TASK INSTRUCTIONS - Once the pictures are removed, reproduce what is left of the data below exactly.

INPUT DATA -
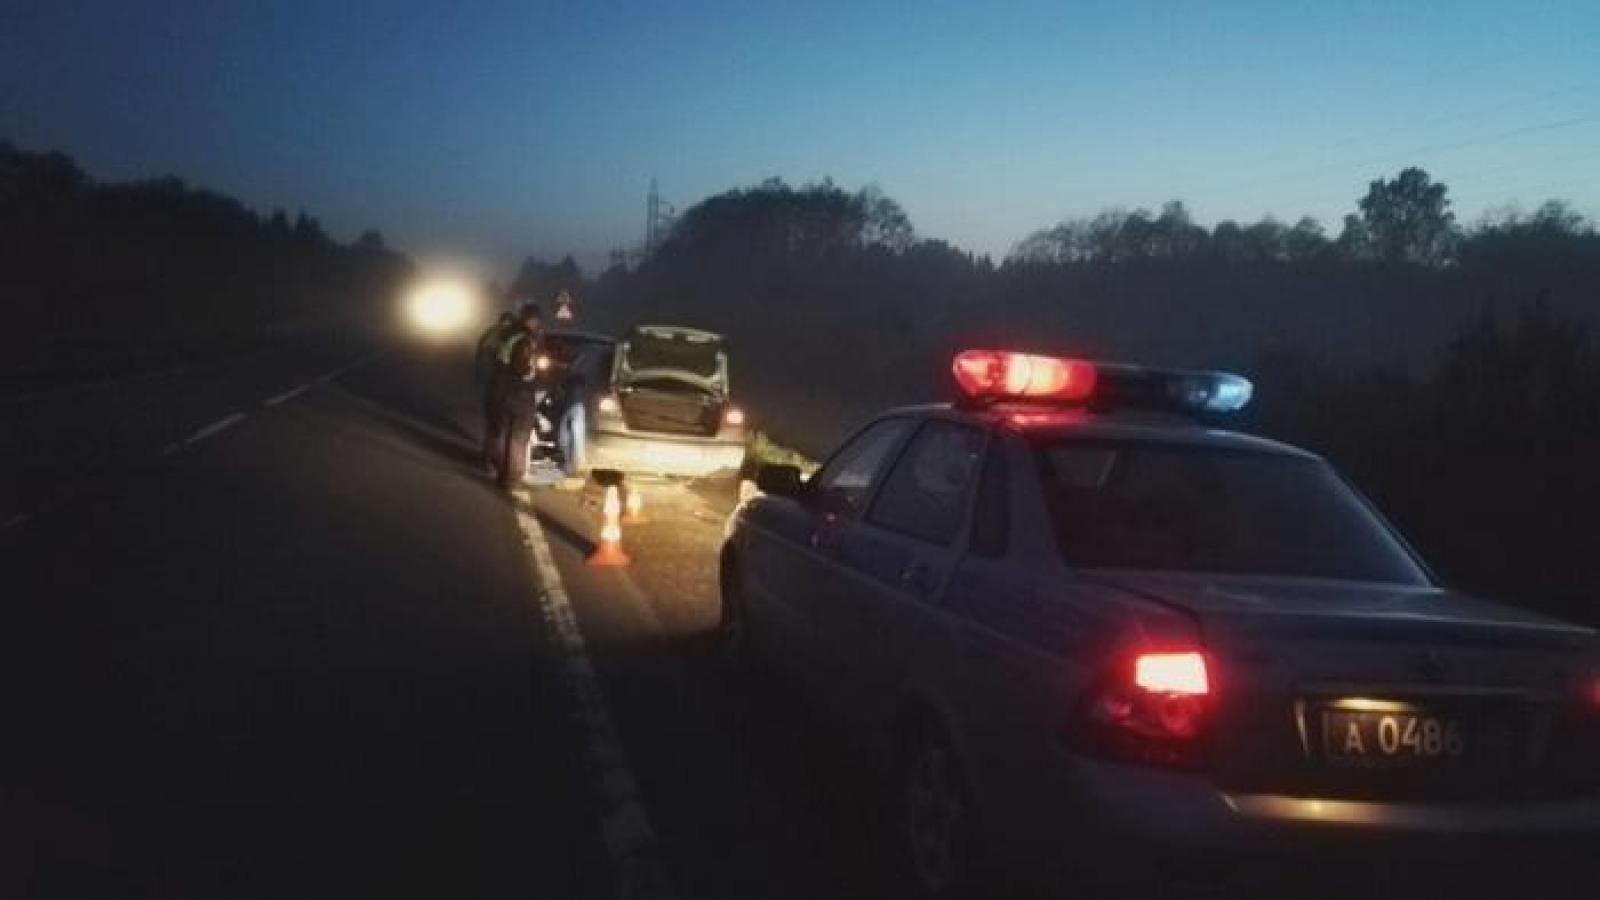 Сотрудники ГИБДД помогли водителю, пробившему колесо
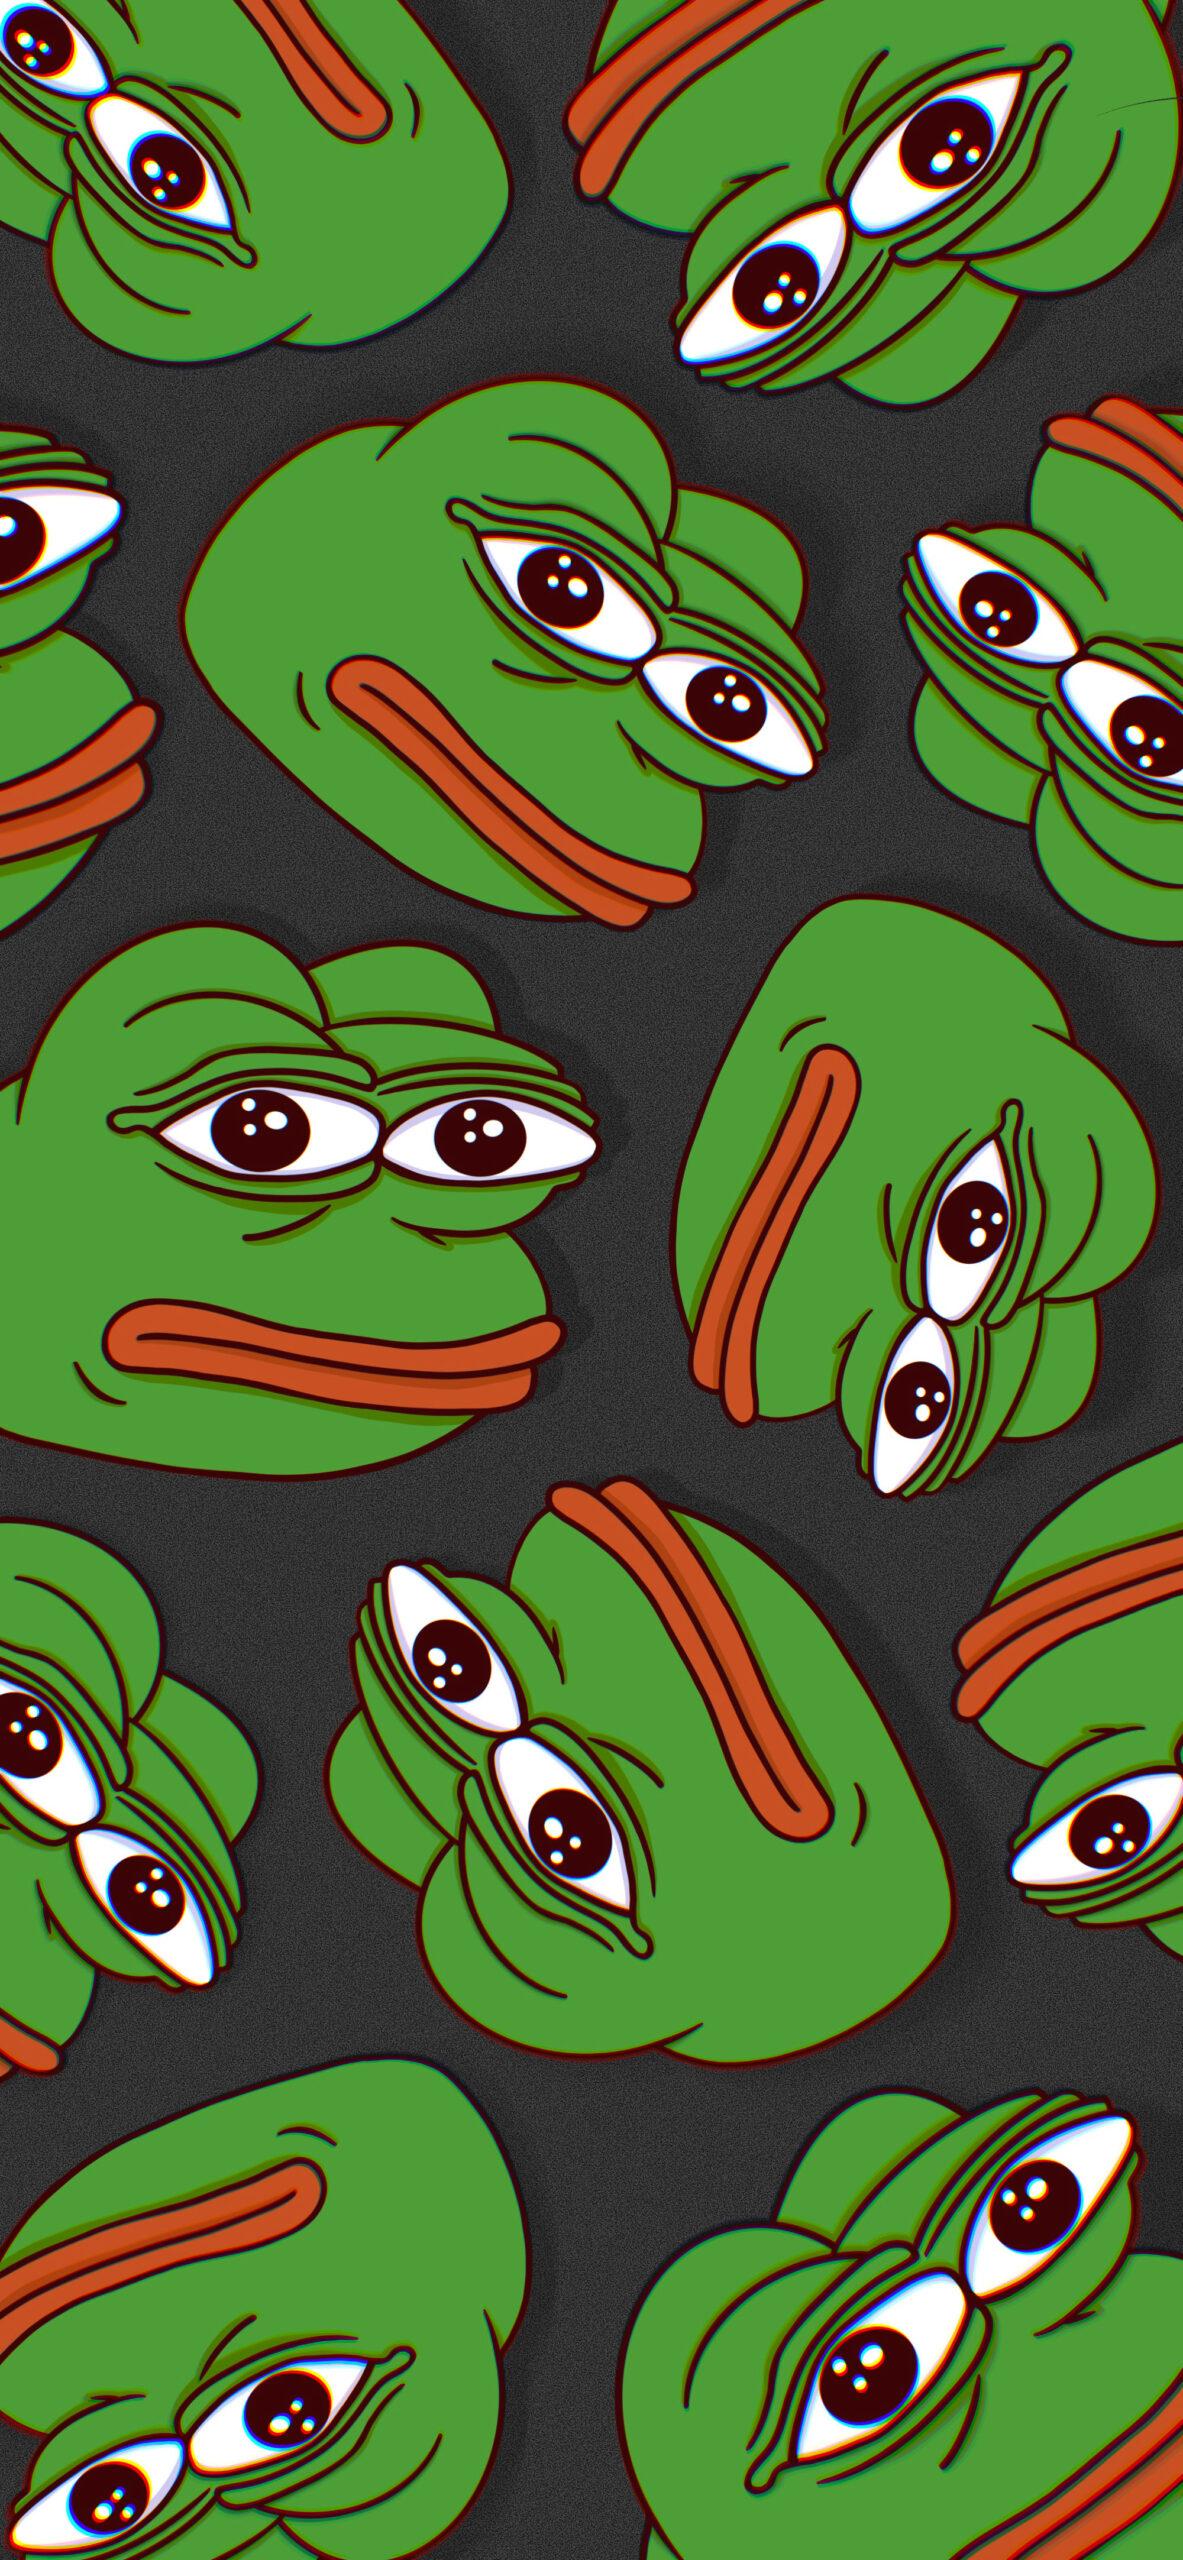 pepe the frog black meme wallpaper
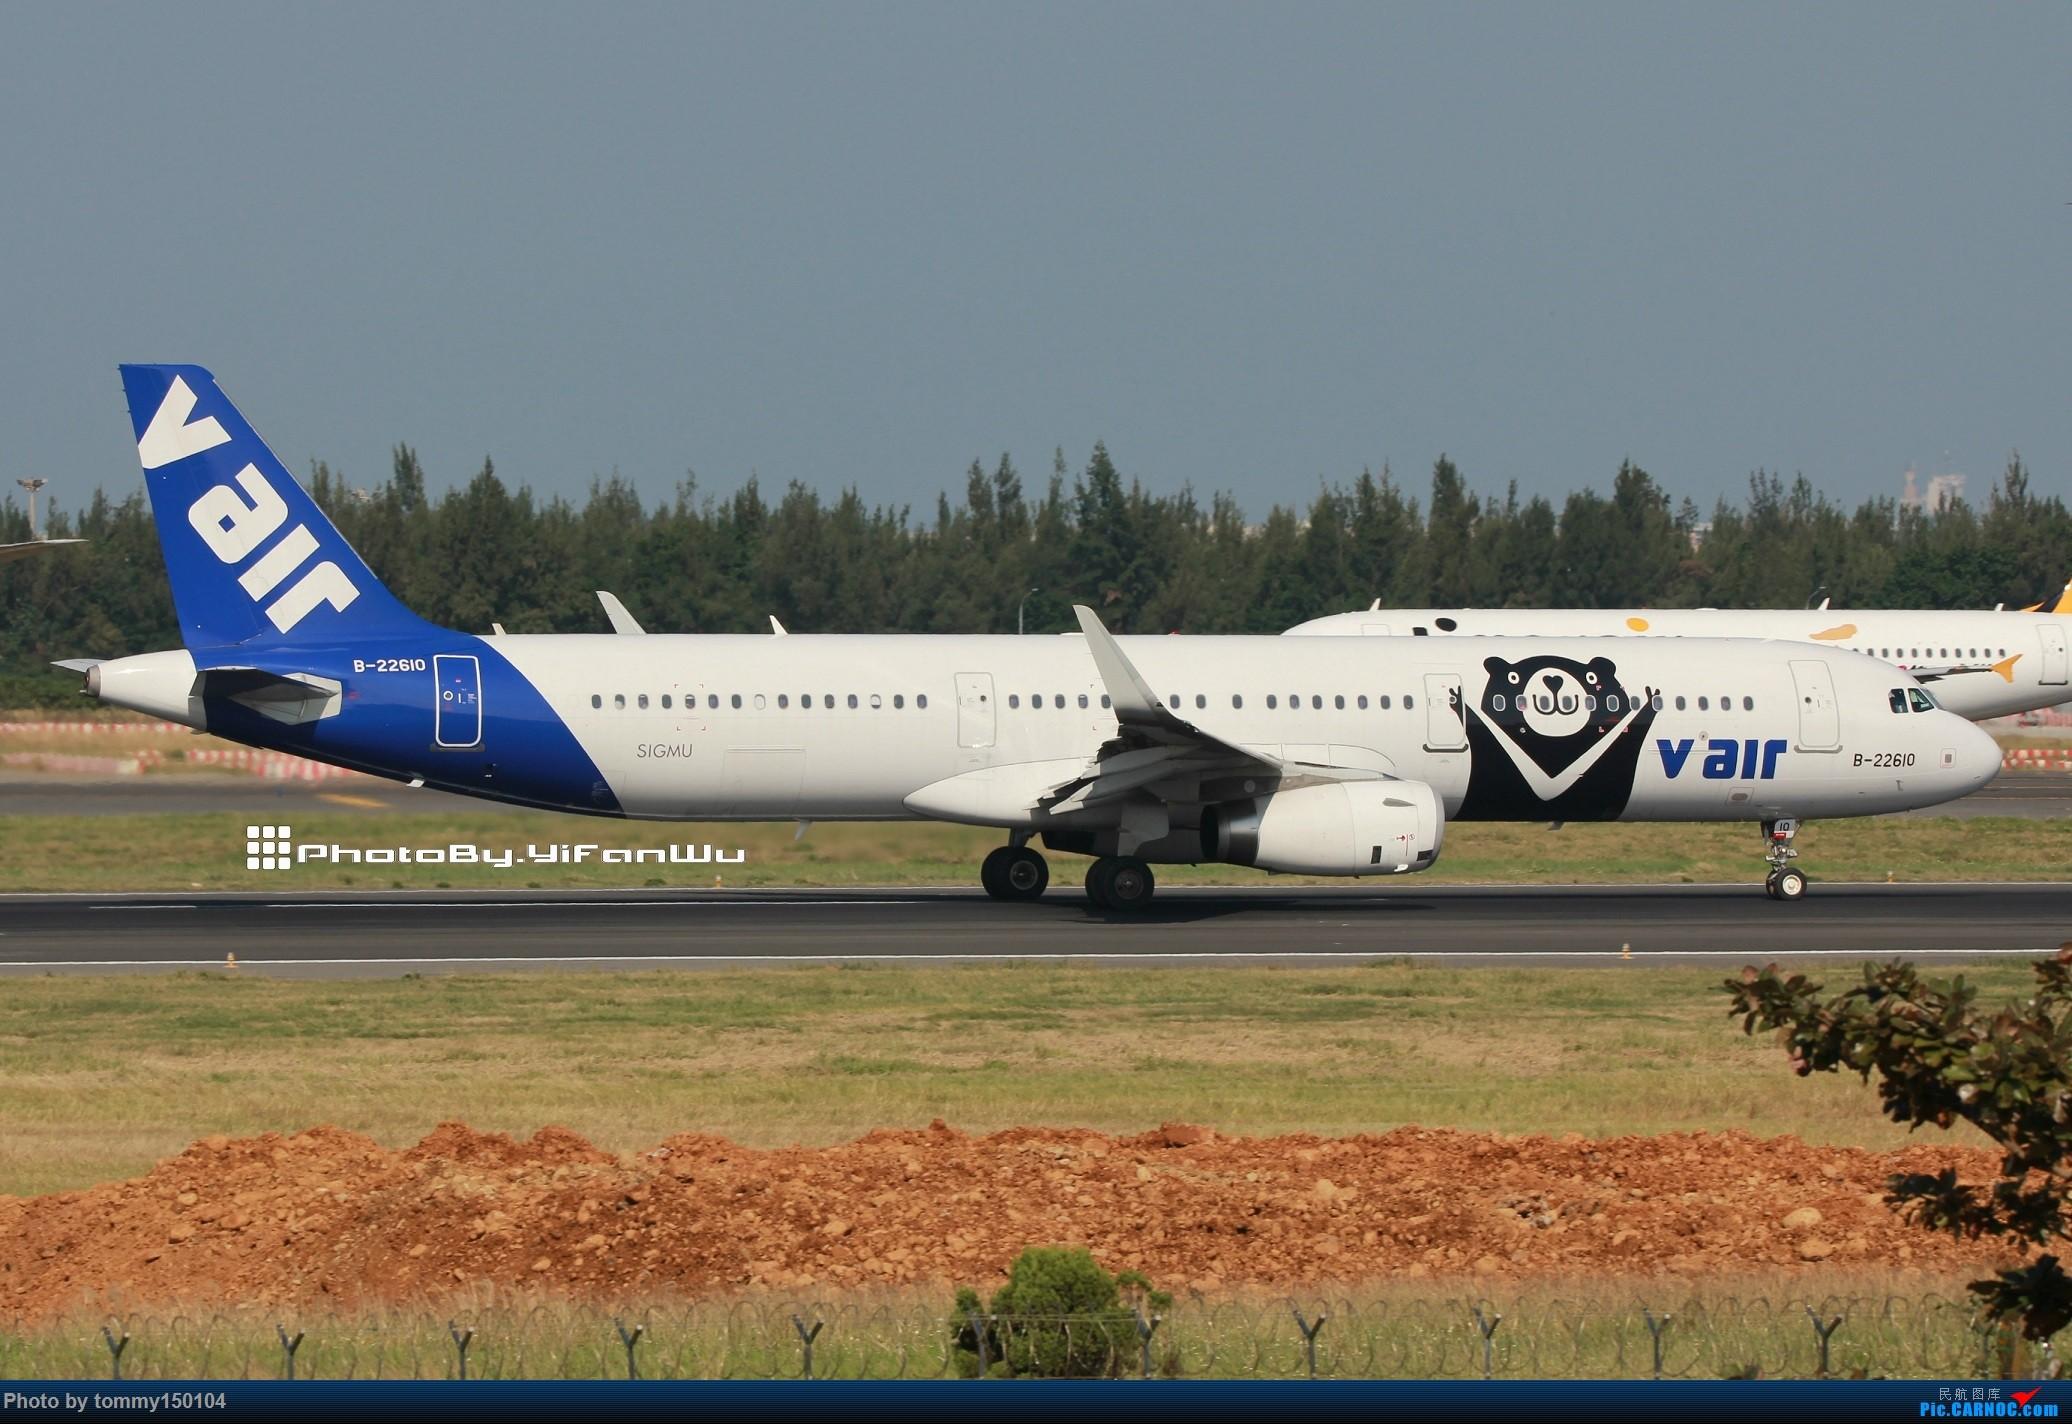 Re:[原创]新手試貼 TPE台北桃園 AIRBUS A321-200 B-22610 中国台北桃园国际机场

SOLUTION FOR THIS TASK -
 Сотрудники ГИБДД помогли водителю, пробившему колесо
 pepe the frog black meme wallpaper
 Re:[原创]新手試貼 TPE台北桃園 AIRBUS A321-200 B-22610 中国台北桃园国际机场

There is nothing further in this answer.